That's according to one expert, who believes we could soon revive frozen bodies.
Dennis Kowalski, 49, President of the Michigan-based Cryonics Institute, claims humans could oen day be revived from a cryogenic state, and stem cell therapy could help them bring them back to an even younger age.
He also suggests that the first human frozen by cryonics could be revived within the next 50 to 100 years.
The Michigan-based Cryonics Institute, is a non-profit organisation that offers human freezing services for $28,000 per person (£20,200).
Kowalski, who also works as a firefighter, paramedic and paramedics teacher in Milwaukee, Wisconsin, says that a lot of things that weren't possible will soon be possible with regards to cryonics.
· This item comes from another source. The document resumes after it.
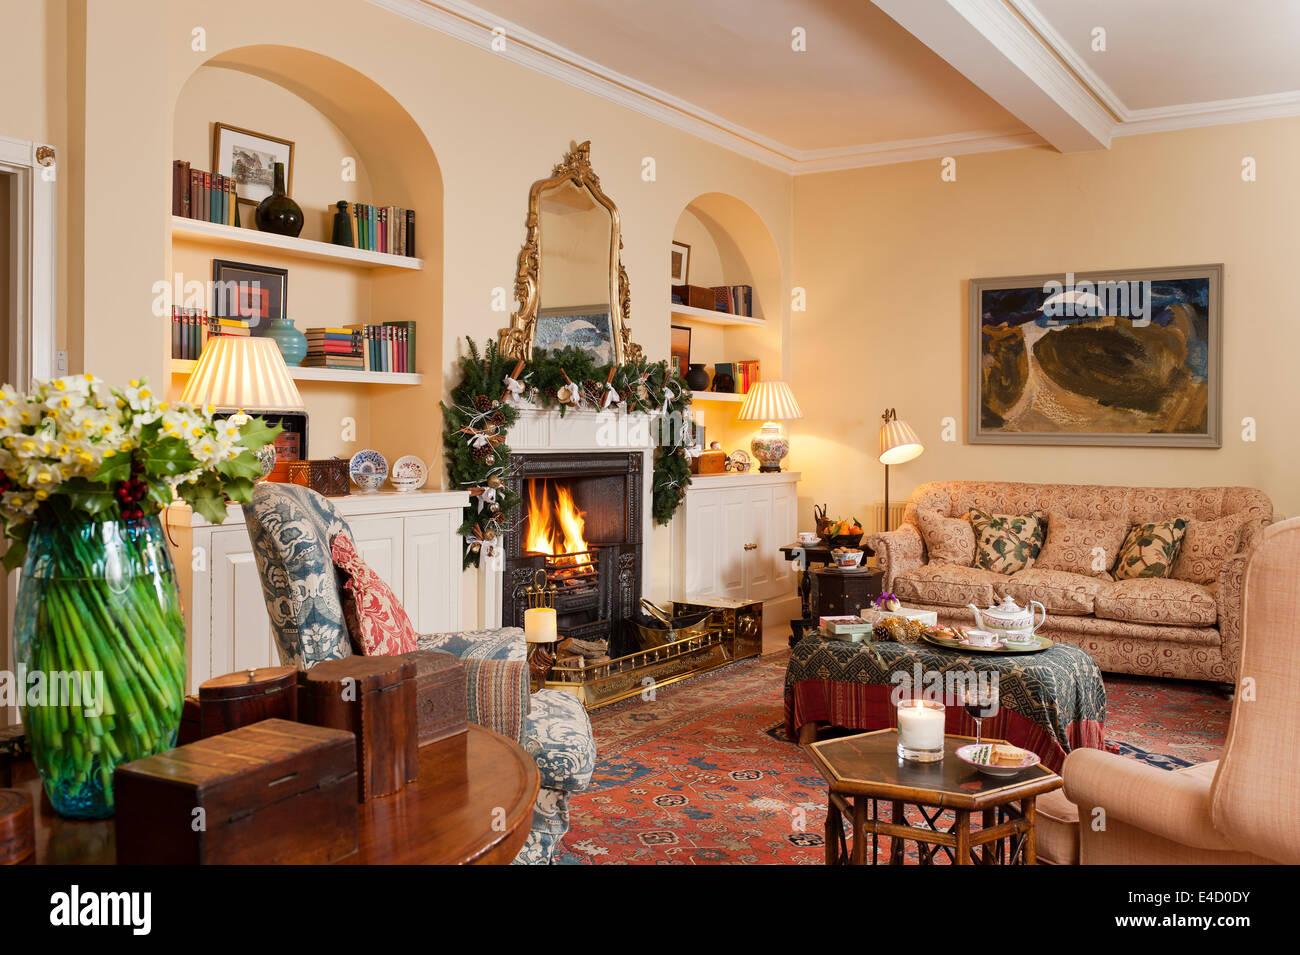 Gemütliches Wohnzimmer mit Kamin und verschiedene antike Möbel. Das ...

He told the MailOnline that if reviving cryogenically frozen people is not possible, at least we are learning.
Around 2,000 people have put their names down to be cryogenically frozen by Mr Kowalski's institute and more than 100 pets and 160 people have already been frozen at the their laboratory.
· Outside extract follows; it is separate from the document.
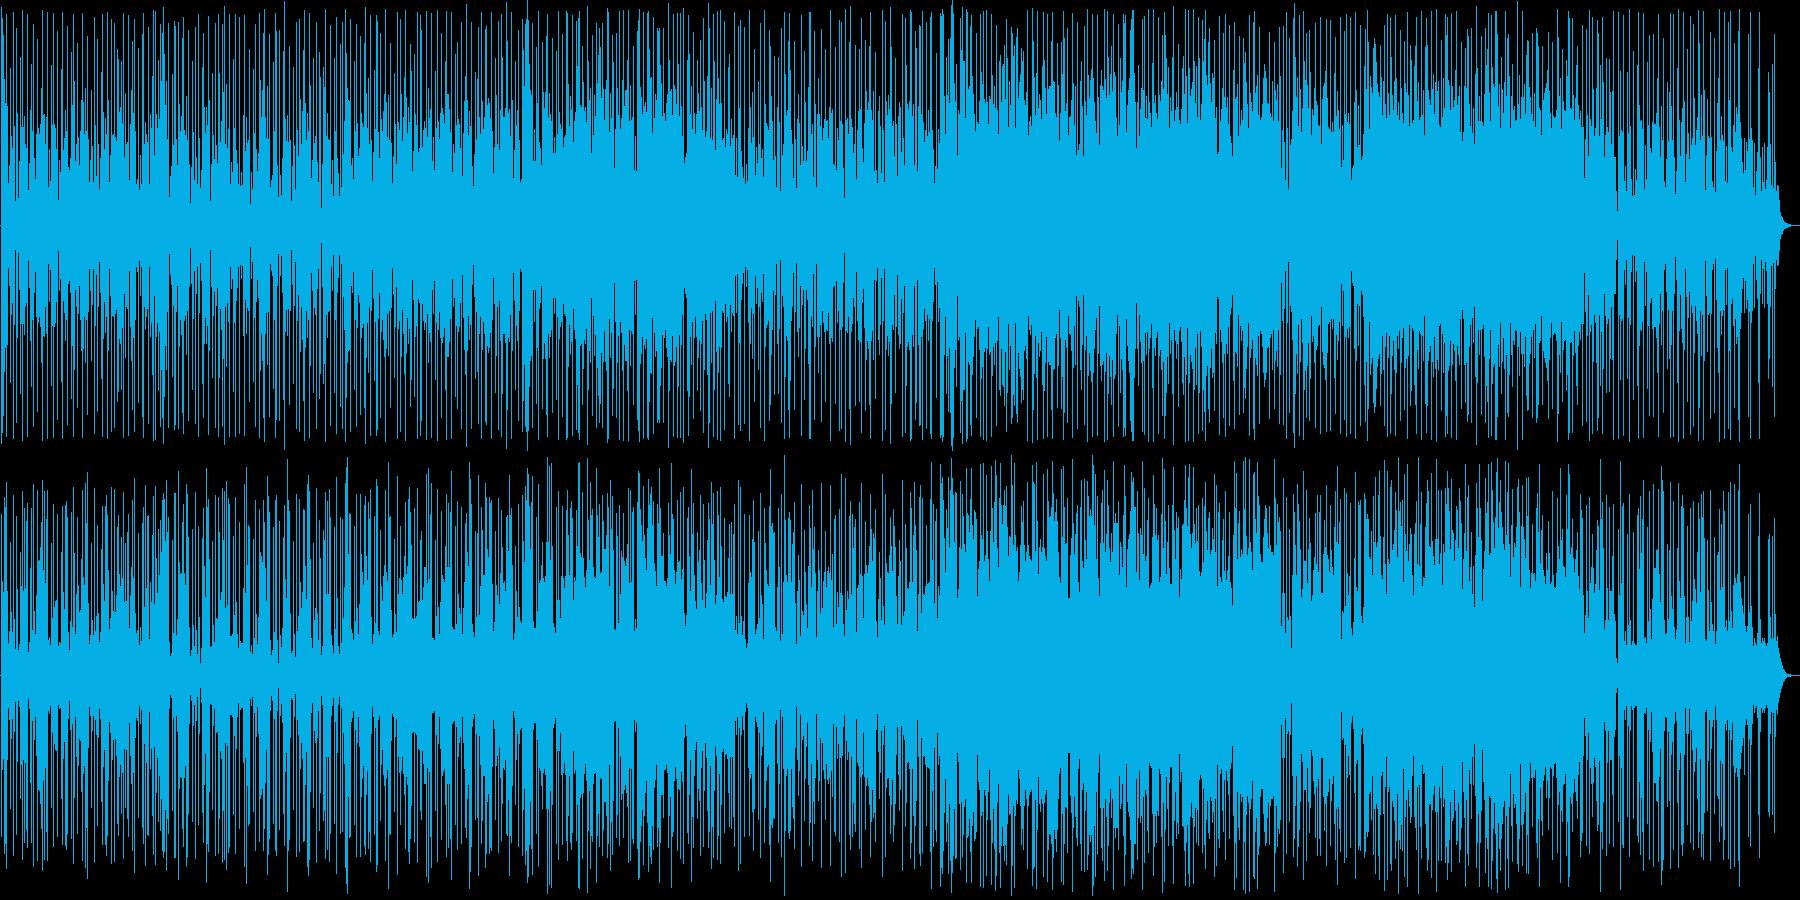 キラキラした印象の明るいバラード3の再生済みの波形

'After cardiac arrest, you have around 5 minutes to half an hour to revive someone,' says Mr Kowalski.
'But it depends on temperature and how long they were alive for.
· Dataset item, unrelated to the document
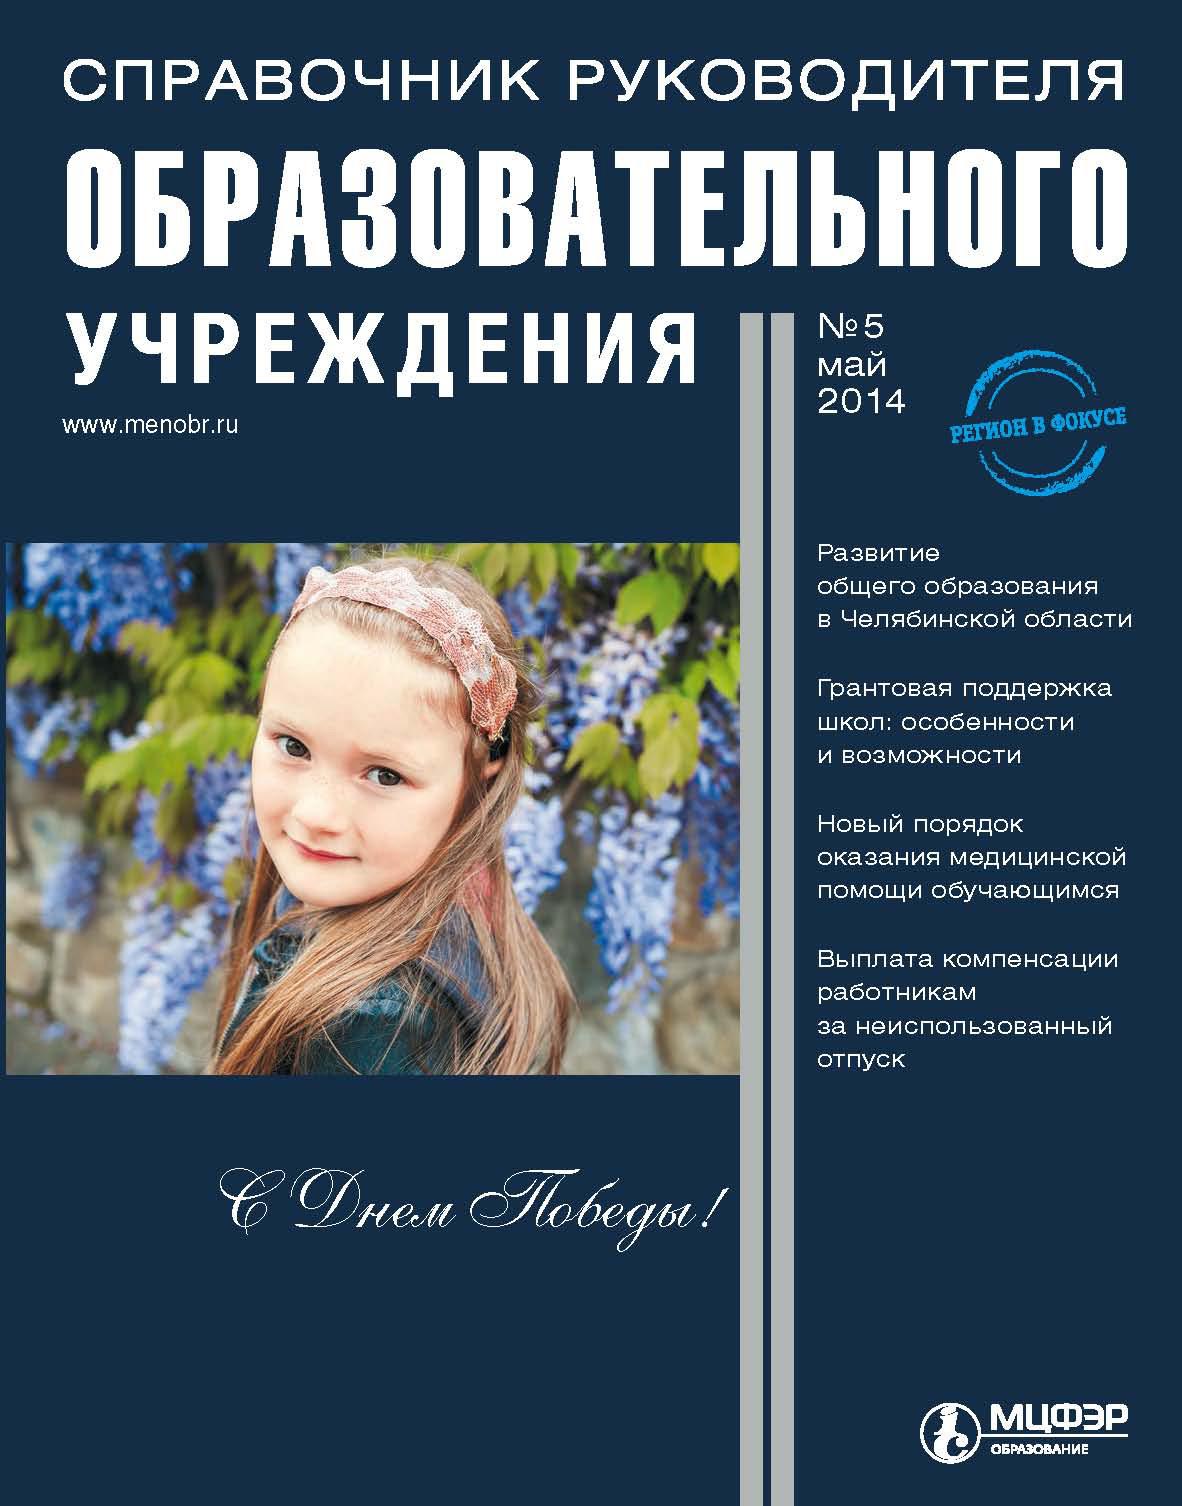 Справочник руководителя образовательного учреждения № 5 2014

'We're finding that when you cool people down you have more time,' he said.
Mr Kowalski said that his work is an extension of stem cell research, and that stem cells could be injected into cryogenically frozen patients to help repair damaged cells.
'We're trying to save your DNA and mind,' said Mr Kowalski.
'If all we cared about was your DNA, we could save that and clone you and you would look no different, but it would be a totally different person,' he said.
Mr Kowalski says that in the future, if there is super advanced technology that can 'reverse engineer nature,' then there is no reason elderly people couldn't be revived and brought back, possible even as their healthy, 20 year-old selves.
In cryogenics, the freezing process must begin as soon as the patient dies in order to prevent brain damage, with facilities currently available in Russia, the US and Portugal (stock image)
Cryonics, also known as cryogenics and cryopreservation, is the art of freezing a dead body or body parts in order to preserve them.
Advocates see it as a miracle procedure to cheat death, with the hope that they will be revived once medical science has progressed far enough to cure whatever killed them.
The Cryonics Institute's website states that absolute death may only be said to occur when the brain's essential information is destroyed.
Brain preservation is the ultimate goal of what cryopreservation aims to achieve.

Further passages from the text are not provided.